EDIT: Direkter Link funktioniert nicht...
Drive Technologie → Ecodrive03 → Software


----------



## slot23 (11 Oktober 2013)

Danke Marco, für die schnelle Antwort. Jetzt hätte ich noch eine Frage. Ich habe gerade probiert, eine Verbindung zu dem Regler aufzubauen, aber bei der Antriebssuche, kann Drive Top keinen Antrieb finden. Die Einstellungen müssten allerdings alle passen. COM 2, Baudrate(9600 oder 19200). Das einzige was mir auffällt, ist unter Hilfe gibt es den Reiter Einstellungen. Hier kann man eine Firmware zuweisen. Wie kann ich den Firmwarestand meines Reglers den herausfinden und muss ich Drive Top die Firmware zuweisen? Gibt es sonst noch was zu beachten?

Gruß

Slot23


----------



## mc_bear (11 Oktober 2013)

hallo,

bist du weiter gekommen?
Wenn nein, hast du ein original Indramatkabel mit der Bezeichnung IKB0005? Ich habe so in Erinnerung, dass die Beschaltung speziell ist.
Schau sonst im Projektierungshandbuch nach (findest du da, wo auch die SW ist unter Projektierung)
Wenn die Schnittstelleneinstellung stimmt sollte der Drive sofort erkannt werden.

Mc Bear


----------



## slot23 (14 Oktober 2013)

Hallo mc_bear!

Nein Leider klappt das ganze immer noch nicht. Hab bei Bosch-Rexroth im Handbuch die Seite mit der Belegung gefunden. Hier sind alle Pins bzw. der Schirm so belegt, wie bei meinem Kabel.(Im Anhang ist die Belegung). Hab jetzt trotzdem das Originale von Bosch bestellt. Kann mir zwar nicht vorstellen das das Kabel welches von mir verwendet wurde, nicht passt aber mittlerweile gehen mir die Ideen aus. Sollte ja, laut Bosch, auch kein Problem sein. Es wird genau der Antriebsregler verwendet den ich angegeben habe (DKCO3.3-040-7-FW), die Software DriveTop Version 16V passt auch, das hat mir Bosch bestätigt und bei den Einstellungen, gibts ja auch die Verbindung über RS232/485 Ecodrive/Diax bzw.
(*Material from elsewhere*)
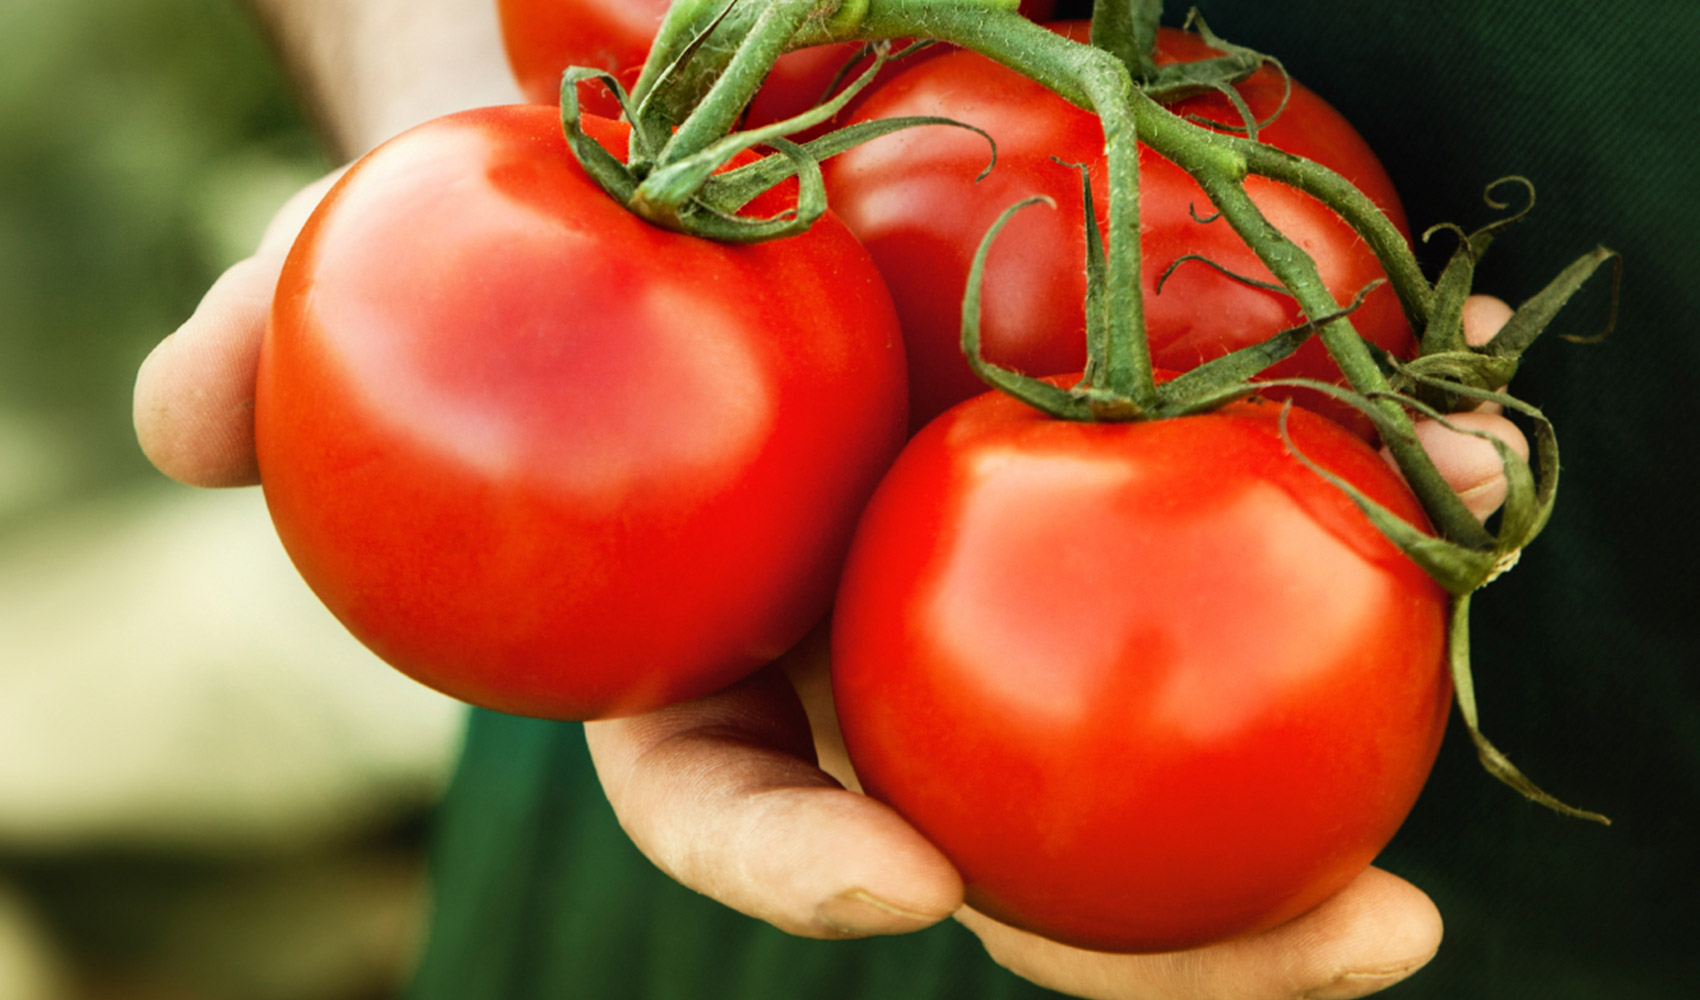 تعرف معنا على فوائد واسرار الطماطم للصحة والجسم
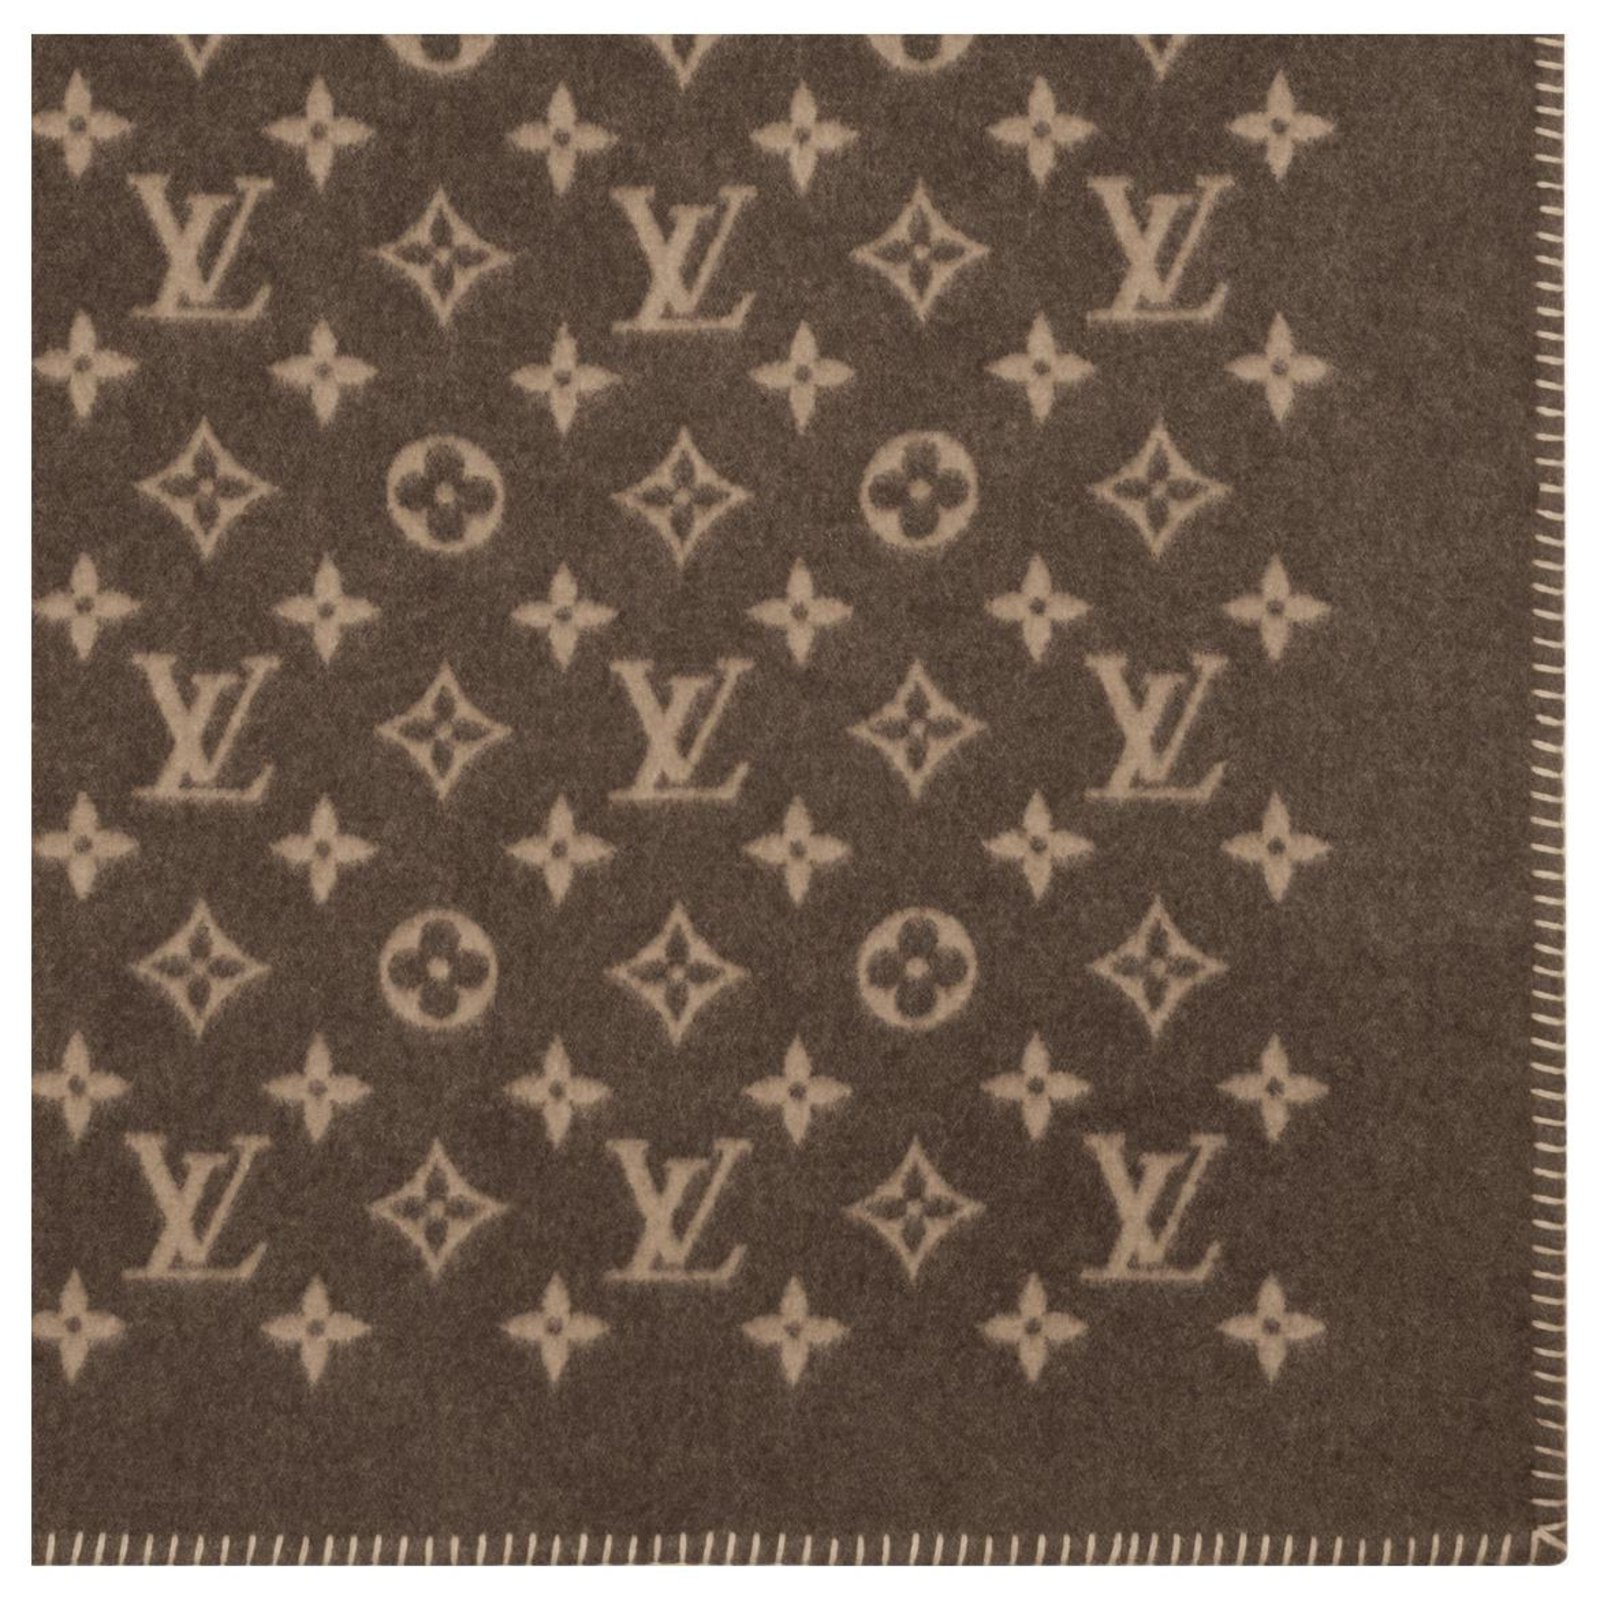 LOUIS VUITTON Wool Cashmere Monogram Blanket Beige 1214563

RS232 IndraDrive zur auswahl bzw. die Baudrate:19200/9600, den COM Port, Mode (RS232 oder 485) und bei TIME OUT hab ich die Standardeinstellungen. 
Meine Einstellungen sind folgende:
RS232/485 Ecodrive
COM Port1
Baudrate:19200 bzw. 9600 (hab ich beide schon probiert)
Timeout: Standardeinstellungen
PG hab ich sowohl ein normales Notbook mit seriellem Adapter versucht, genauso wie ein Original Siemens PG, mit seriellem Anschluss, ohne Adapter.

Verbindung konnte ich allerdings bei keinem Antrieb bekommen. (ich habe es bei 3 Antrieben versucht)

Gruß

slot23


----------



## mc_bear (14 Oktober 2013)

Hallo slot23

am Kabel und an den Reglern wird's demnach nicht liegen.
hast du die Redme im DriveTop gelesen, da sind ein paar hinweise drin. Einmal hatte ich auch einen Fall, da war die Schnittstelle nicht COM1 (obwohl's nur eine gab).
Ich hab nicht mehr alles präsent, da ich schon länger nicht mehr damit gearbeitet habe.

Gruss
Mc Bear


----------



## rainer0210 (14 Oktober 2013)

Hallo Slot23

meine bosch-kabel haben eine andere Belegung

8-pol. Mini-DIN - Stecker         9-pol. Buchse

 4  --------------gr---------------  5
 5  --------------br---------------  3
 3  --------------ws---------------  2

Brücke 7-8 und 9-4 in 9-pol. Buchse

oder

15-pol. Stecker         9-pol. Buchse

 7  ---------sw---------  5
 3  ---------br---------  3
 2  ---------ws---------  2

Brücke 7-8 und 9-4 in 9-pol. Buchse

damit funktioniert es schon seit Jahren.

Rainer0210


----------



## slot23 (14 Oktober 2013)

Danke für eure schnelle Hilfe.

@mc_bear: ja die Readme Datei habe ich gelesen. Die Punkte habe ich alle beachtet. Ich werd einmal die anderen Com Ports durchprobieren.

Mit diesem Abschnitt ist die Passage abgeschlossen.